In CLA, some layers compute fresh key/value pairs, and adjacent layers reuse these pairs, reducing the total memory footprint.

You can visualize the configurations like this:

CLA2: Every two adjacent layers share the same KV cache.
CLA3: Every three adjacent layers share the same KV cache, and so on.

Extensive Experiments and Robust Results

The researchers put CLA through its paces via various pretraining experiments. Key highlights include:

1B-Parameter Scale:

Design Space Exploration: Training diverse CLA and non-CLA models to map out the accuracy/memory trade-offs.
Learning Rate Tuning: Ensuring that their results hold even with optimized learning rates for the compared models.

Results showed that:

MQA combined with CLA2 (MQA-CLA2) models achieved better perplexities (a measure of model accuracy) for the same KV cache memory, compared to baseline MQA models.
CLA2 is the most effective configuration, outperforming larger sharing factors like CLA3 or CLA4.

3B-Parameter Scale:

Similar experiments confirmed that the beneficial effects of CLA observed at the 1B scale hold true even at the larger 3B scale.

What’s Next?

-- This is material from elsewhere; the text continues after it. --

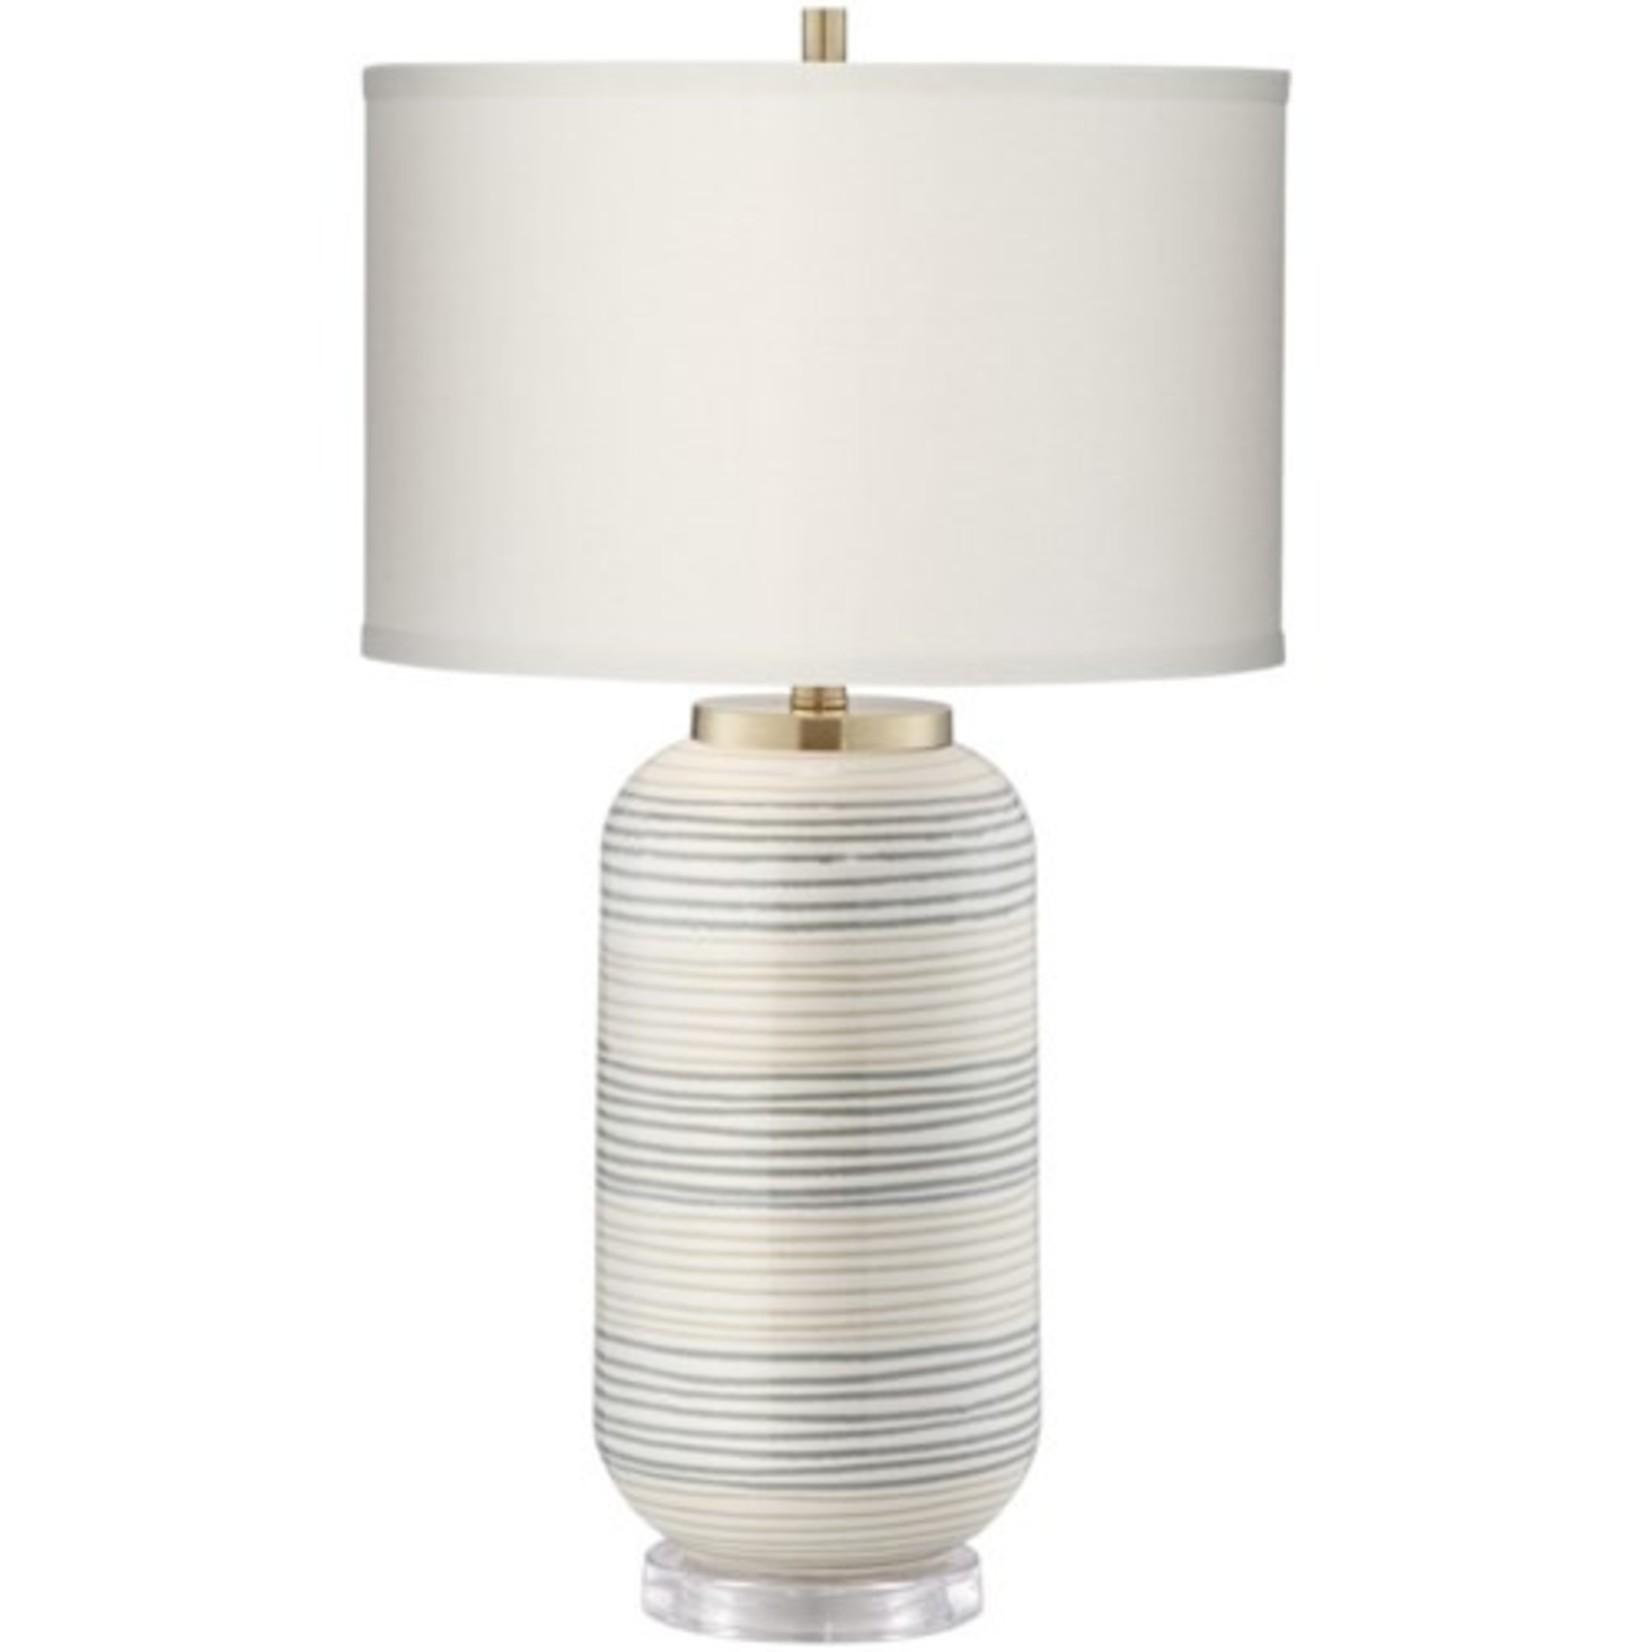 Pacific Coast Lighting Striped Adler Table Lamp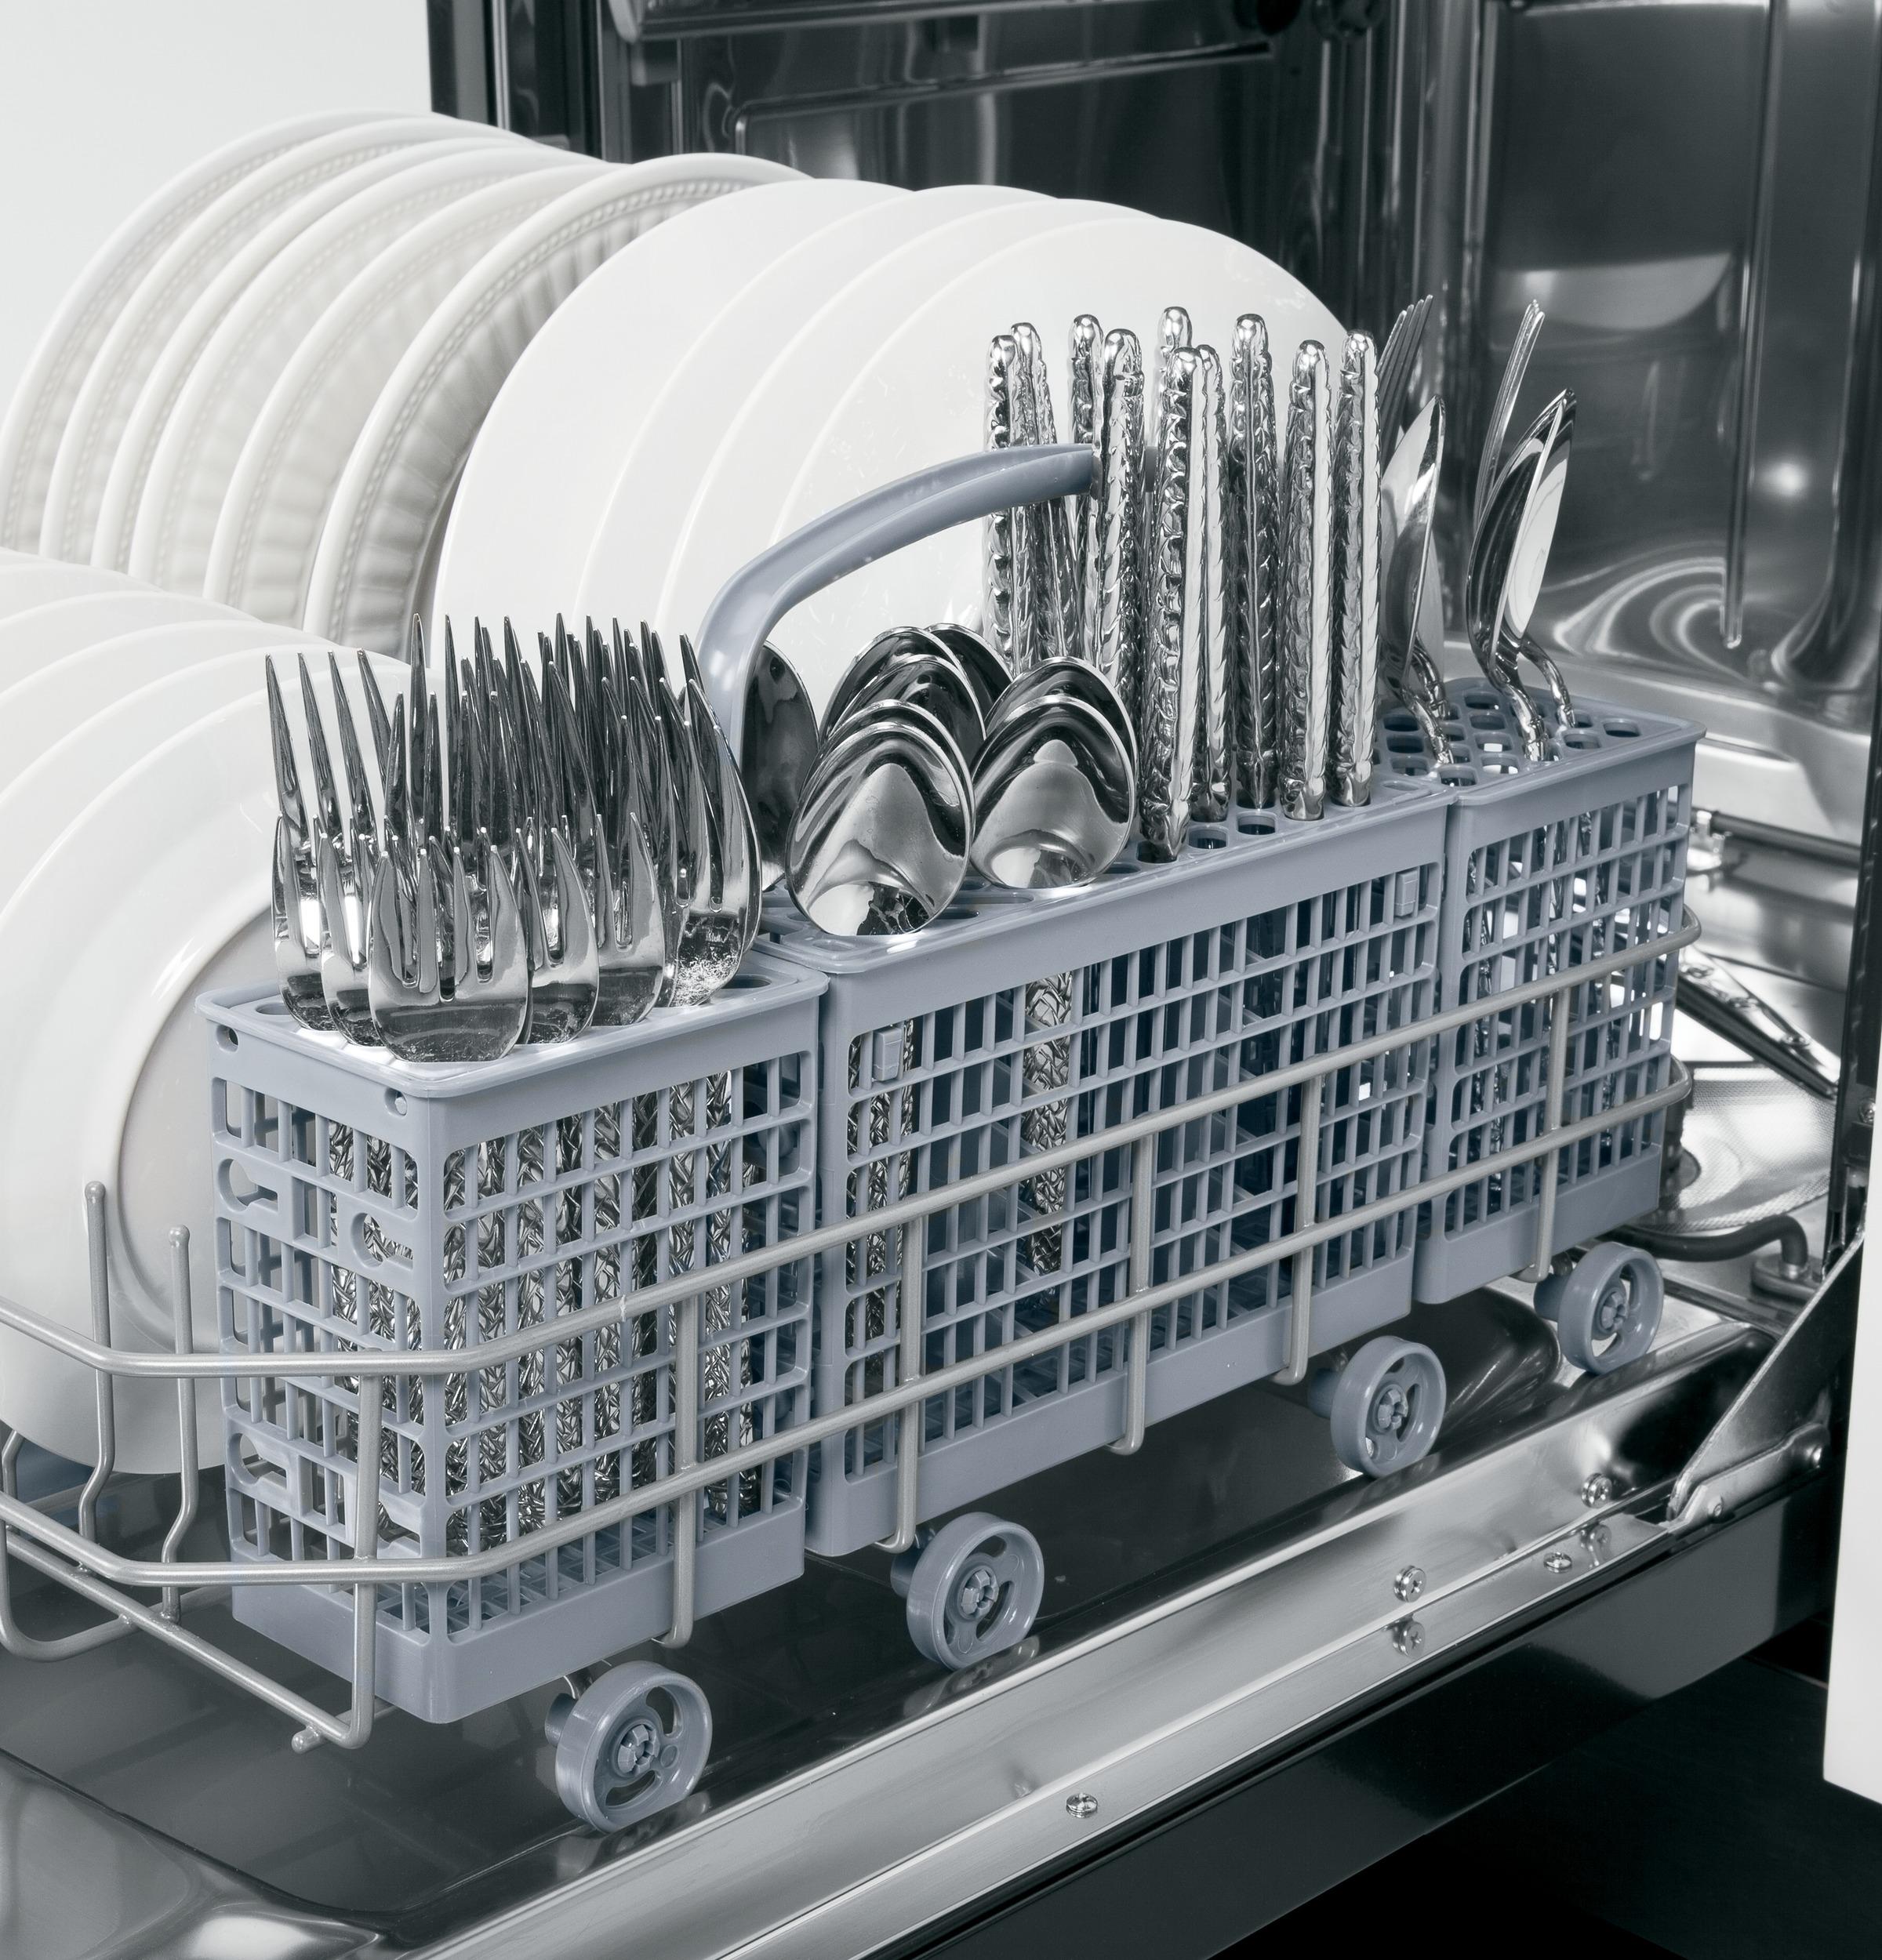 Model: GLDT690JBB | GE GE® Built-In Dishwasher with Hidden Controls

Future Directions

The potential for future work with CLA includes:

Longer Contexts: Evaluating CLA’s performance on models designed to handle longer sequences efficiently.
Incorporation with Other Techniques: Combining CLA with other memory-efficient mechanisms, such as those reducing the bandwidth or time complexity of the attention mechanism.
Complete System Integration: Testing CLA in a full inference system to quantify end-to-end cost reductions and efficiency improvements.

Related Work and Context

The work on CLA fits into a broader landscape of techniques aimed at improving the memory efficiency of transformers. Other efforts include:

Compression Techniques: Compressing KV caches post-training through quantization or sparsification.
Architectural Modifications: Reducing sequence length through local attention methods or replacing softmax attention with more memory-efficient mechanisms.

Conclusion

Cross-Layer Attention (CLA) represents a significant step in optimizing the memory footprint of transformer-based LLMs. By sharing KV heads across layers, CLA achieves a notable reduction in memory usage with minimal accuracy trade-offs, proving to be a valuable tool for scaling models to work with longer sequences and larger batch sizes. Practitioners looking to optimize their model’s memory efficiency should definitely consider integrating CLA, particularly alongside MQA for the best results.

Feel free to dig deeper into this concept to explore how CLA could potentially benefit your specific LLM applications!